Source material –

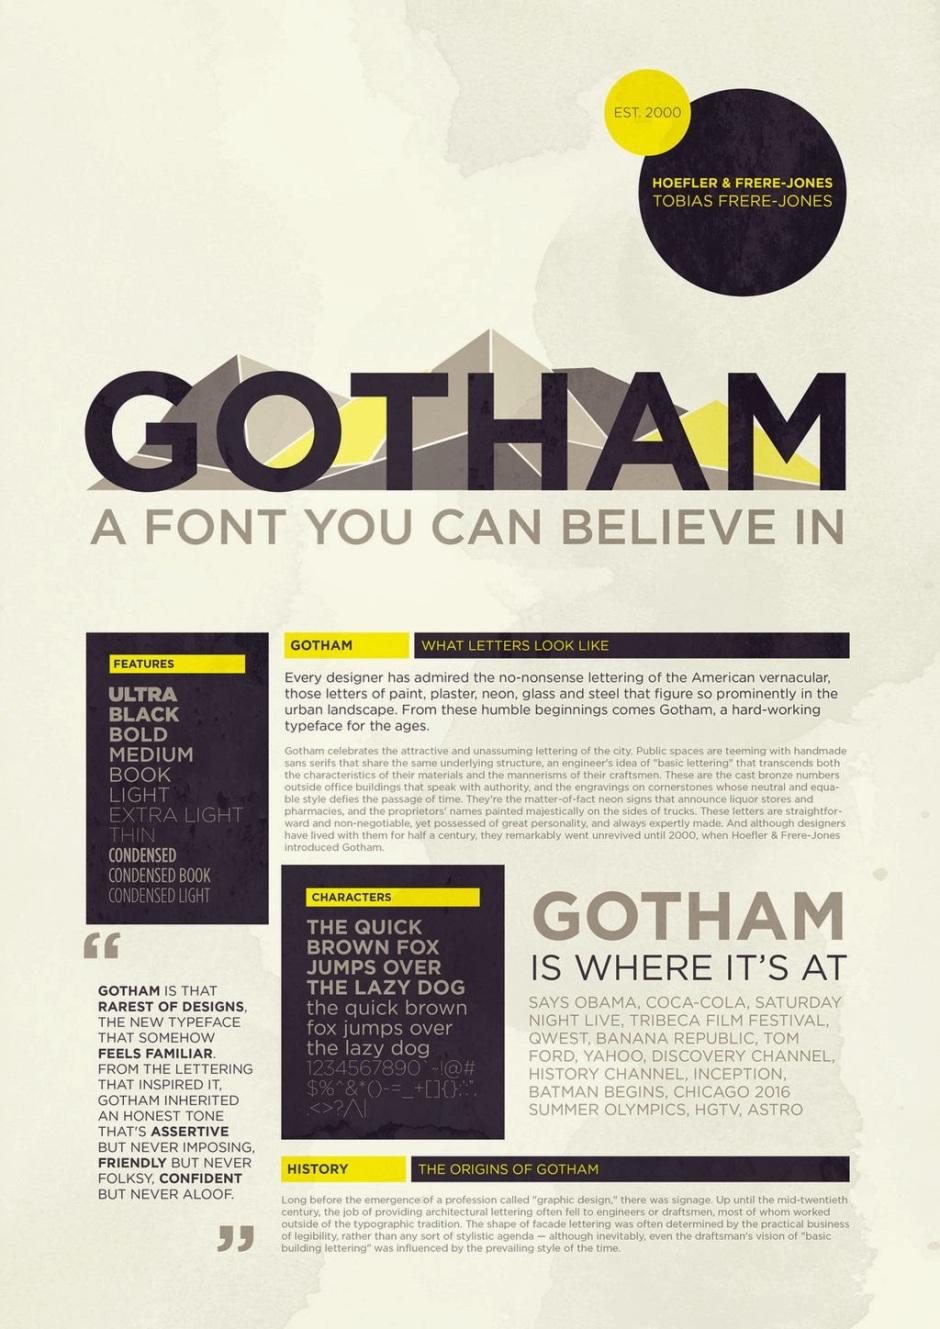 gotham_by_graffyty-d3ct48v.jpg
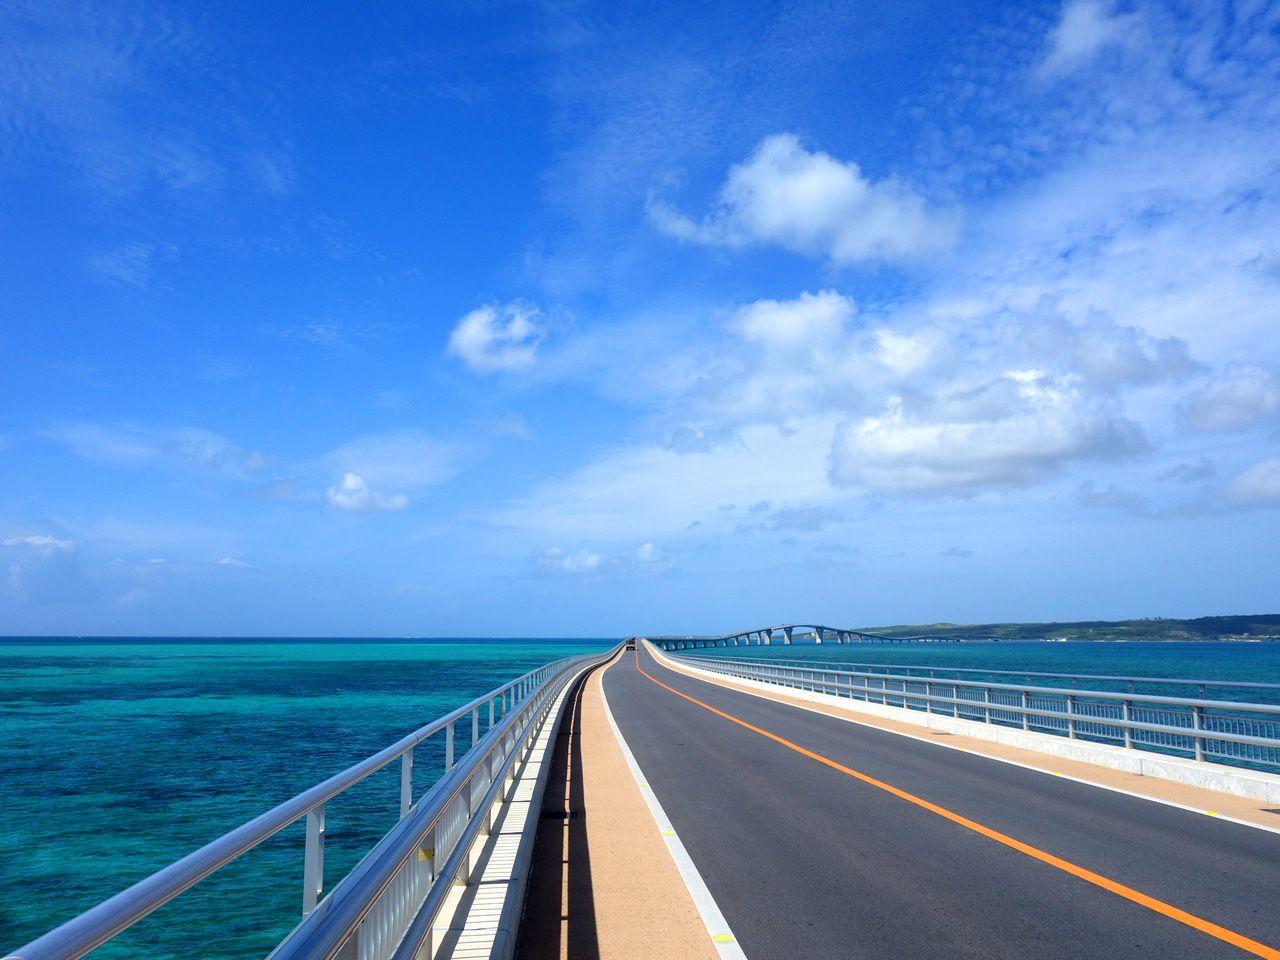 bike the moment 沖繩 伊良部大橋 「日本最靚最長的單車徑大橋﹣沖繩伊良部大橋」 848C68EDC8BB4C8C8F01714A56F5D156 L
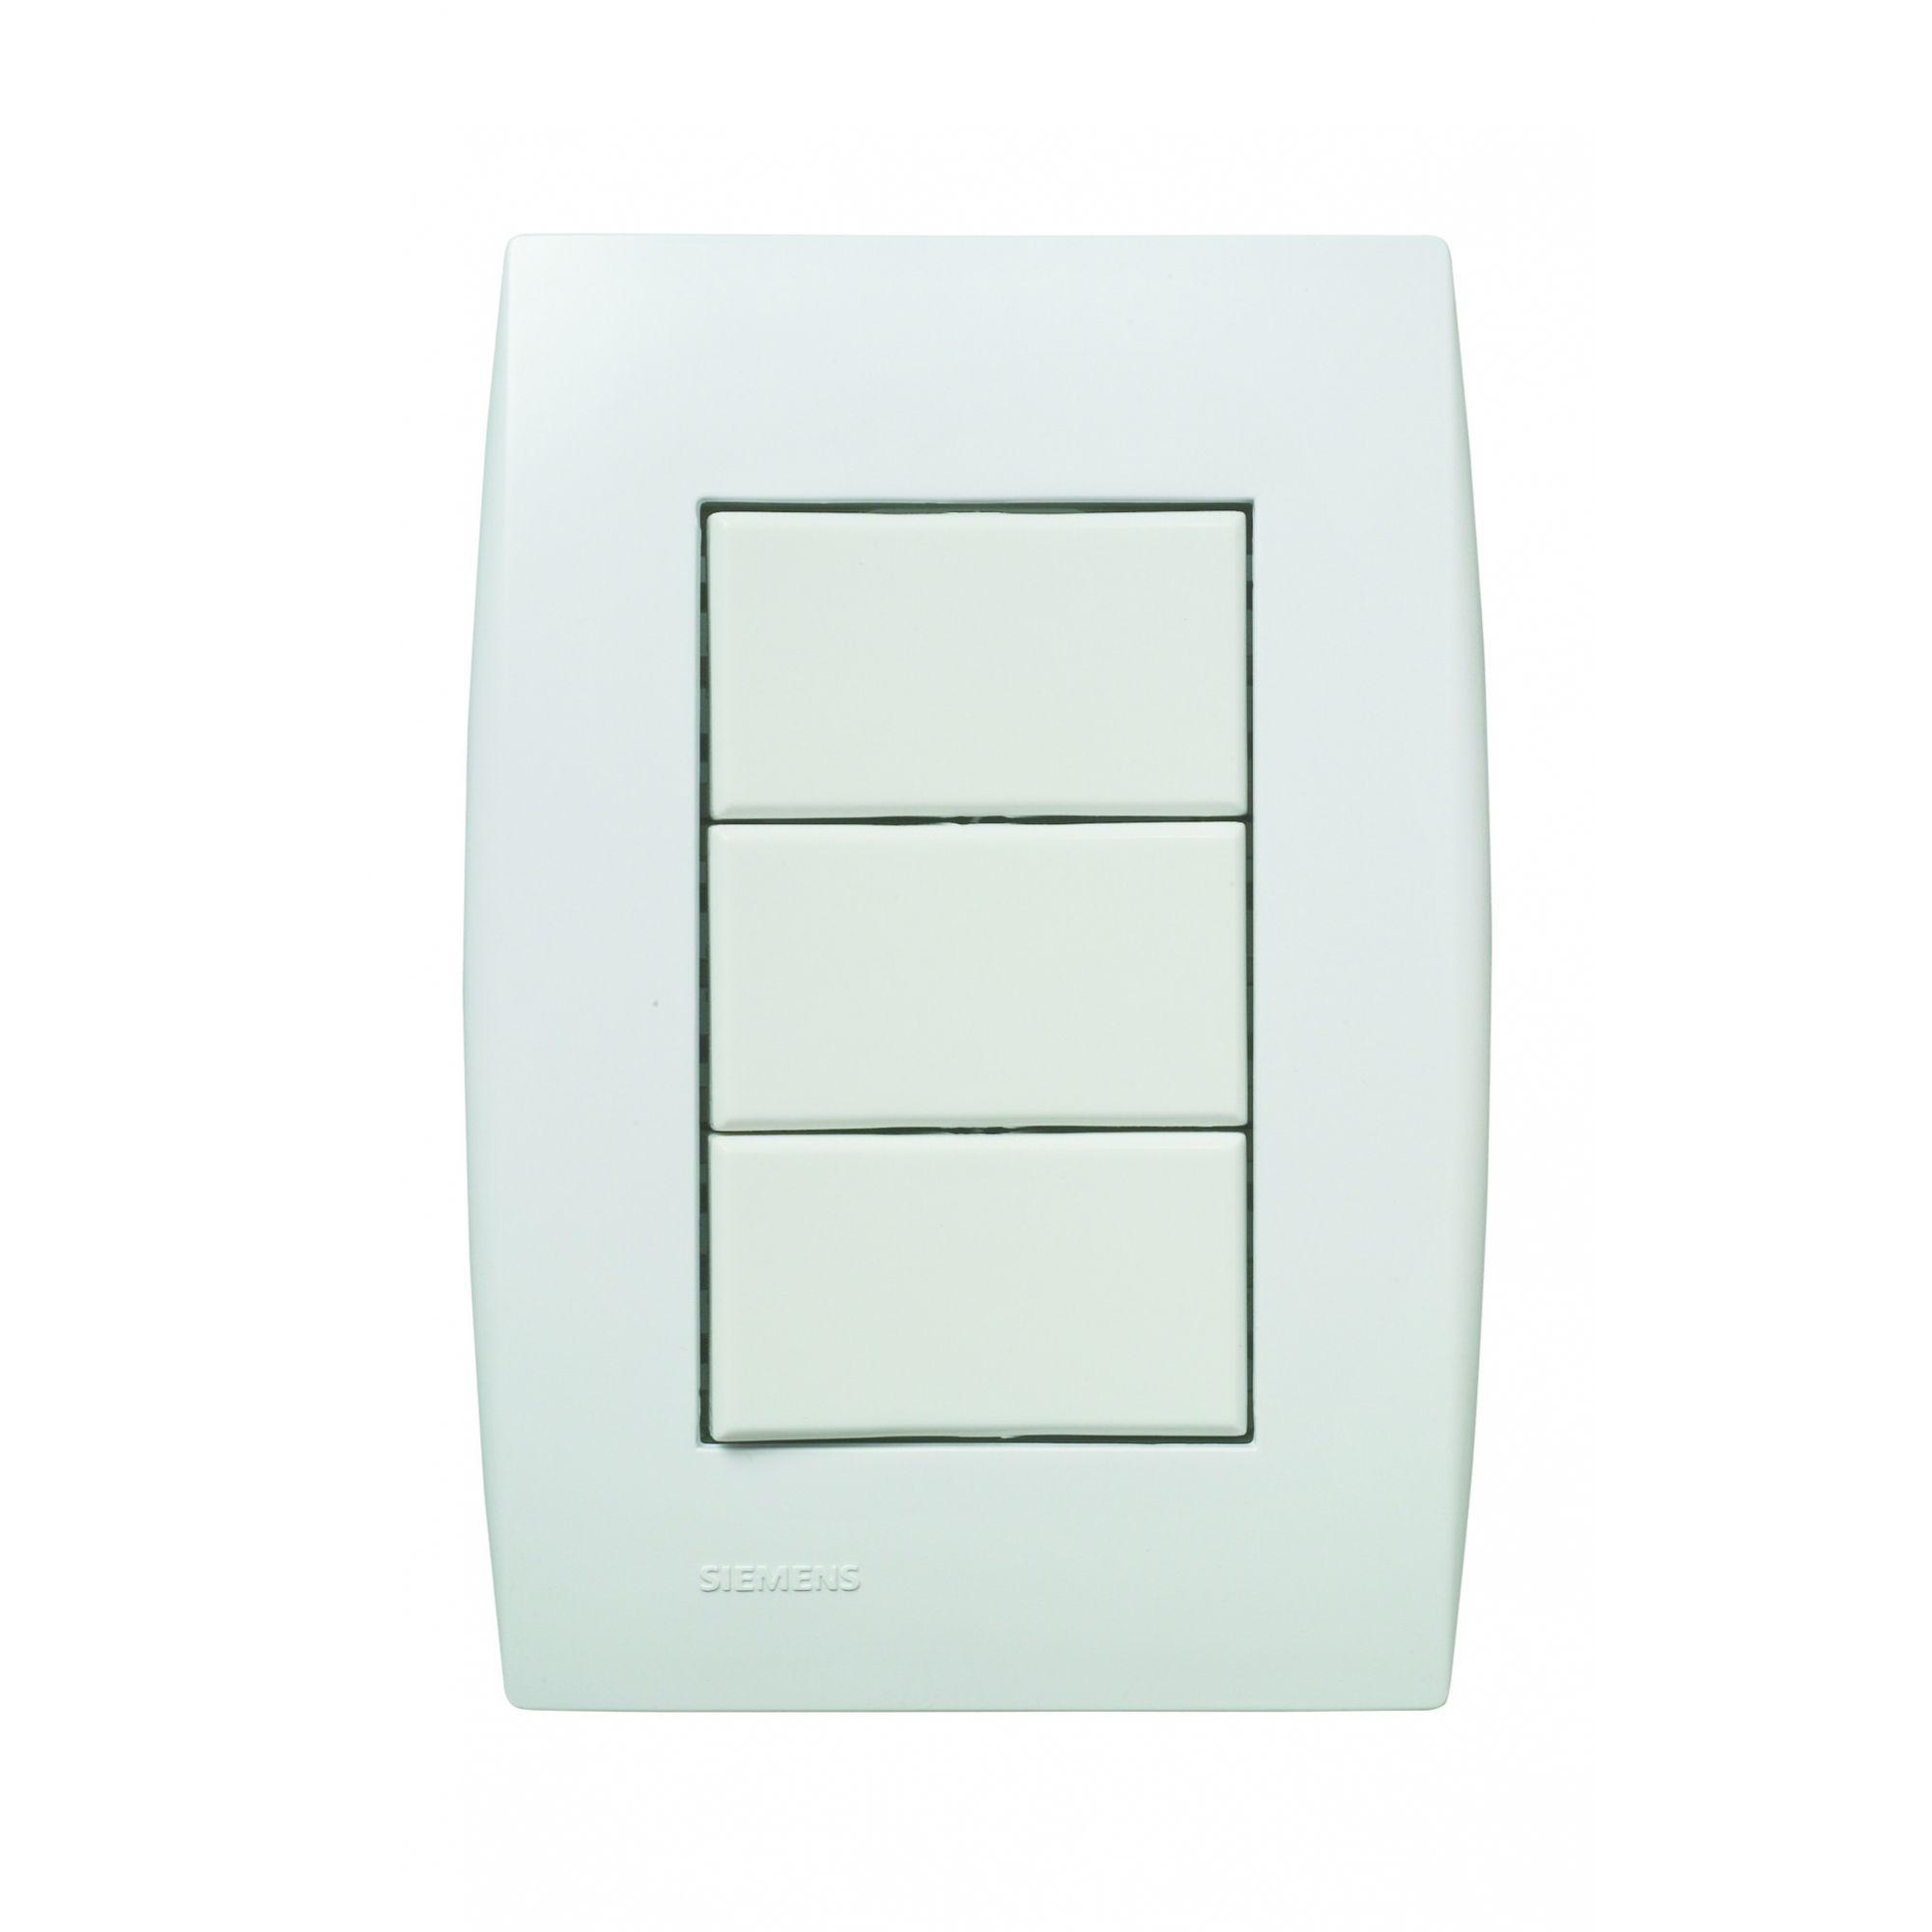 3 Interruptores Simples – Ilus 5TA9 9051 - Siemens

Aim of the task –
What you return should match the material word for word, apart from the pictures.

Solution for this problem –
 gotham_by_graffyty-d3ct48v.jpg
 bike the moment 沖繩 伊良部大橋 「日本最靚最長的單車徑大橋﹣沖繩伊良部大橋」 848C68EDC8BB4C8C8F01714A56F5D156 L
 3 Interruptores Simples – Ilus 5TA9 9051 - Siemens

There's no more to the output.